To be clear, the existing code base has done its job quite well. The fact that 17 year old Web code even exists speaks a lot about its value. The The problem is that, like many code base’s of the same size and age, the system has grown to the point where adding new capabilities is becoming increasingly difficult. This problem along with one of needing to increase scale and drive down costs are big drivers behind the architectural shift described above. However, changing a monolith to a set of micro-services has its own set of challenges.

What follows is a position paper in which I propose 2 high level constraints for teasing apart components of a monolithic application architecture into a set of micro-services. I would love your feedback.


Teasing Apart the Monolith

Driving new and legacy systems integration by applying constraints in the areas of networking and data flow

Abstract

The following position paper outlines some of the technical challenges that we face in making the transition from a monolithic architecture to a set of distributed, loosely-coupled services, and it proposes an architectural solution for integrating new services with existing data center-hosted components. The approach presented has a bias towards preventing architectural bleed from the current monolith into the evolving distributed service-based architecture.

Background

Our current product is a Web application built in a classical n-tier architectural style. While our business domain has expanded over the years and though new technology has been integrated into the product, the core conceptual architecture remains unchanged and, while a generalized view, resembles the following.

Layered Architecture

In a generic sense, there is nothing fundamentally wrong with this architectural approach. However, in practice, there are few challenges that can emerge as the business and technical domains grow. Most notable in our experience are the following.

  1. The code and infrastructure for all components and layers of the product is collocated in the same source tree. This results in a single build process, and subsequently, a single release cadence for every component of the product. It also can lead to unintentional coupling between components. One of those most insidious examples of this coupling is the emergence of “integration by shared table” whereby integration is achieved by having different services write to and read from each others private storage.
  2. As the amount of low-level coupling increases, there is a natural increase in complexity for both the runtime infrastructure as well the build and deployment process. Naturally, an increase in complexity also increases the probability of failure in delivering software, which over time can reduce the velocity in delivering value to customers.

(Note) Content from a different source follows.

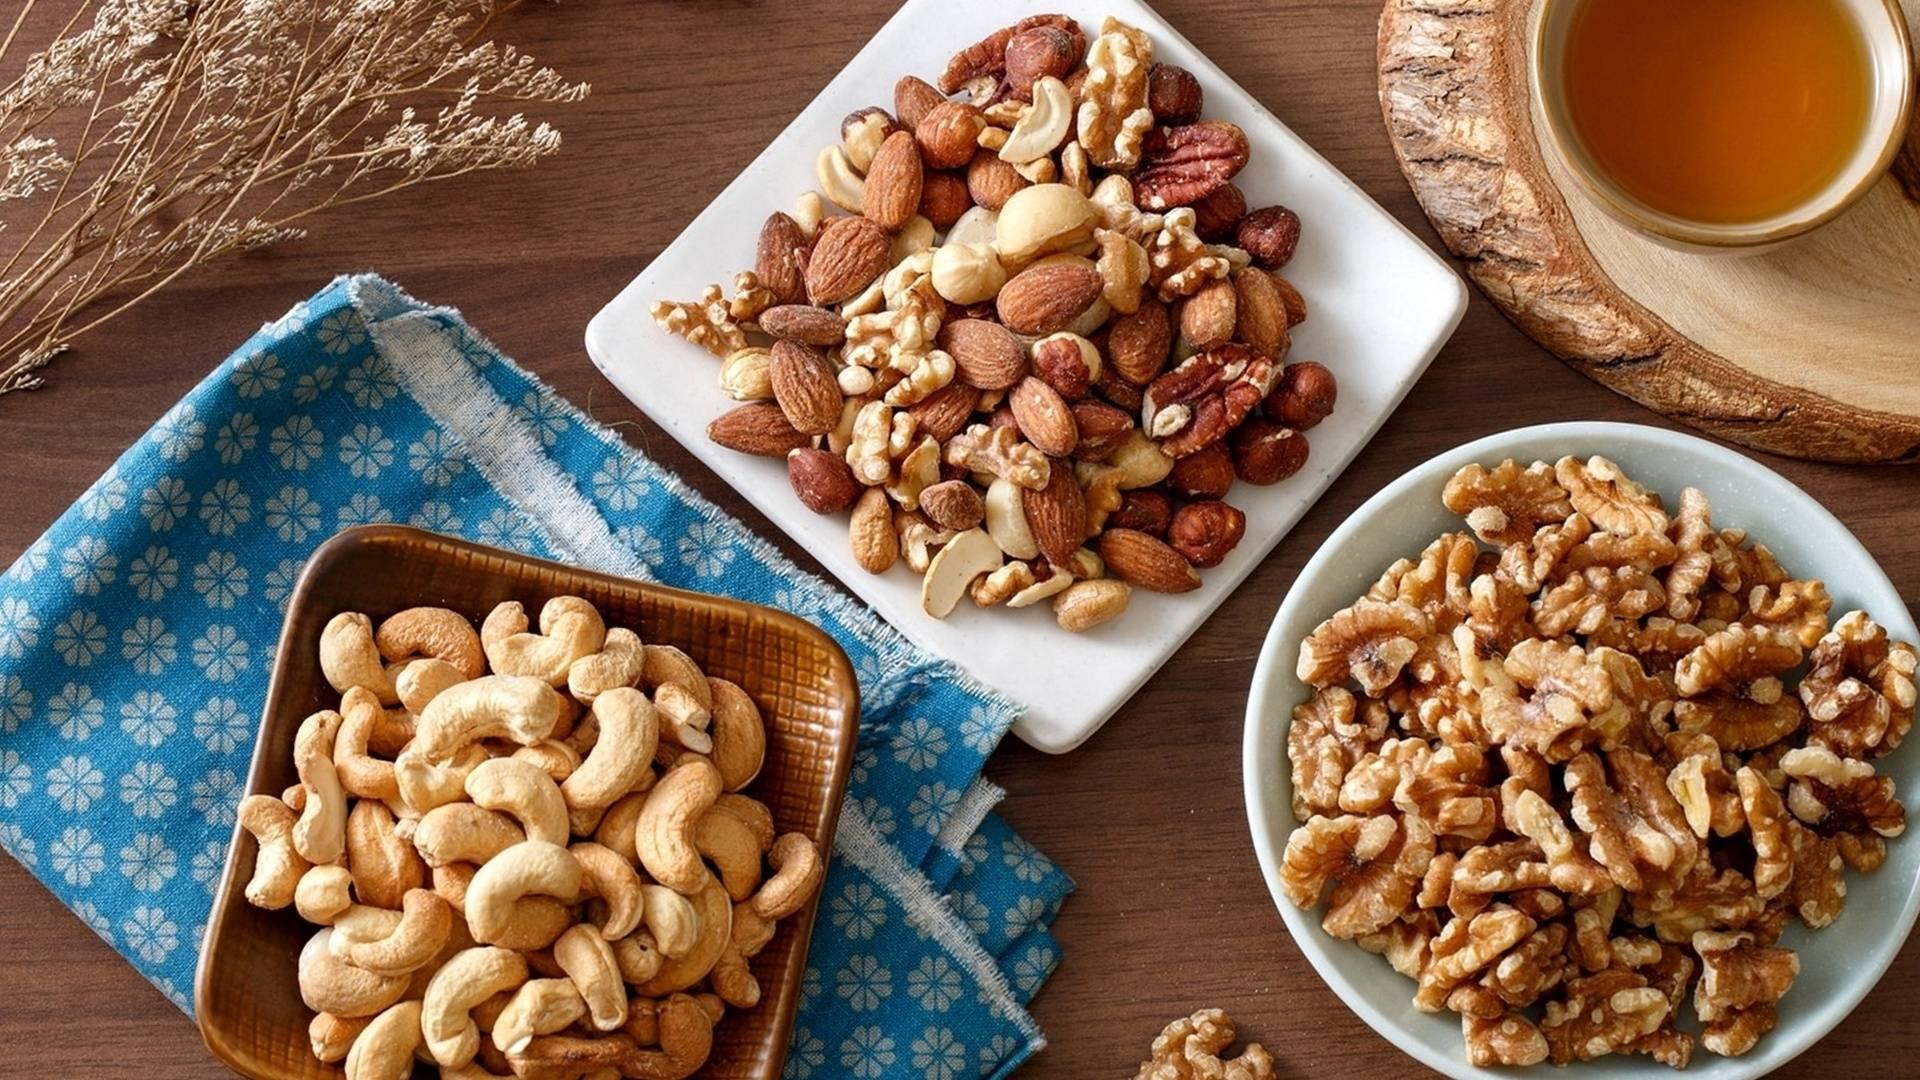 Какие орехи наиболее полезны для наращивания мышечной массы

In order to reduce the cost of running the system and increase its reliability, our engineering leadership has identified a shared-nothing, Microservice-based architecture as the path forward. In this architectural style, the business domain is partitioned vertically, technology and design choices (from code to data persistence) are implementation details of those vertical silos, and integration occurs through well-defined service contracts and supported by published SLAs. An example of this design resembles the following.

Microservice architecture

This shift in architectural approach provides for a number of benefits and specifically addresses the previously aforementioned challenges in the following ways:

  1. Code and infrastructure configuration assets are individually maintained for each of the identified services. Services interoperate only via published service contracts. Additionally, there are no shared resources like databases between services.
  2. The runtime infrastructure is tailored to the needs of the individual services, and is not shared between services. As a result, each service is able to evolve and scale independently of any other service.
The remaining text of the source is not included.